INFORMATION PROVIDED =>
################

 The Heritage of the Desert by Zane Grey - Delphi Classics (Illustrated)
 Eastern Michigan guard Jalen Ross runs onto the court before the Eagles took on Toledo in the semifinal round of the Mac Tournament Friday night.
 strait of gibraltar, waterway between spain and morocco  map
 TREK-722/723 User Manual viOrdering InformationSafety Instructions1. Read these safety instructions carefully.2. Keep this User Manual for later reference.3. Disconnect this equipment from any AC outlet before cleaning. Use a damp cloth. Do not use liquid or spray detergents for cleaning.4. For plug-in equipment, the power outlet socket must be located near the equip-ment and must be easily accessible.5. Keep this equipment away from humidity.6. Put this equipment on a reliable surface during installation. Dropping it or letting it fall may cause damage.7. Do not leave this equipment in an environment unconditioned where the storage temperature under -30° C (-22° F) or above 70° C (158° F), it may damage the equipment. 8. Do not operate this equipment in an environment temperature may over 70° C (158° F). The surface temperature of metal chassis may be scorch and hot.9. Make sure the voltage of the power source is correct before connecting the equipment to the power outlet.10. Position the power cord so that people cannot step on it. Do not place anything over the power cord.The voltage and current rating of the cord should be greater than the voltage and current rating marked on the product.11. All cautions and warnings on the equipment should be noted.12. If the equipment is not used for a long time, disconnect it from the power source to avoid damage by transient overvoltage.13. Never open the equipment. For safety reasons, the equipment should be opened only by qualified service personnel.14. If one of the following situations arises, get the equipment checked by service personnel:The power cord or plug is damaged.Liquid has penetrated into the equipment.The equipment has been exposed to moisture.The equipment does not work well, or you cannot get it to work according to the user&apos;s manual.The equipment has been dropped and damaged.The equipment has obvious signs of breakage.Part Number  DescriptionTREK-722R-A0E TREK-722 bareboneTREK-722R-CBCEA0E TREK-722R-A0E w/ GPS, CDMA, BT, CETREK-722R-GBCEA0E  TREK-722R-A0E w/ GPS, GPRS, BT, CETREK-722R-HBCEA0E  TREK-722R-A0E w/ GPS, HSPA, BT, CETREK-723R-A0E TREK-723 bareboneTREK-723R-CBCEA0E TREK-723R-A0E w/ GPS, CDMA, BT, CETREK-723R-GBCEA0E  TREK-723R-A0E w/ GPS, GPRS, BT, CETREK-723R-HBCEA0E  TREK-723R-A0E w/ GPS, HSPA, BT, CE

################

From the very first line of the data through the line with "strait of gibraltar, waterway" in it, please reproduce each line exactly and output nothing more.

 The Heritage of the Desert by Zane Grey - Delphi Classics (Illustrated)
 Eastern Michigan guard Jalen Ross runs onto the court before the Eagles took on Toledo in the semifinal round of the Mac Tournament Friday night.
 strait of gibraltar, waterway between spain and morocco  map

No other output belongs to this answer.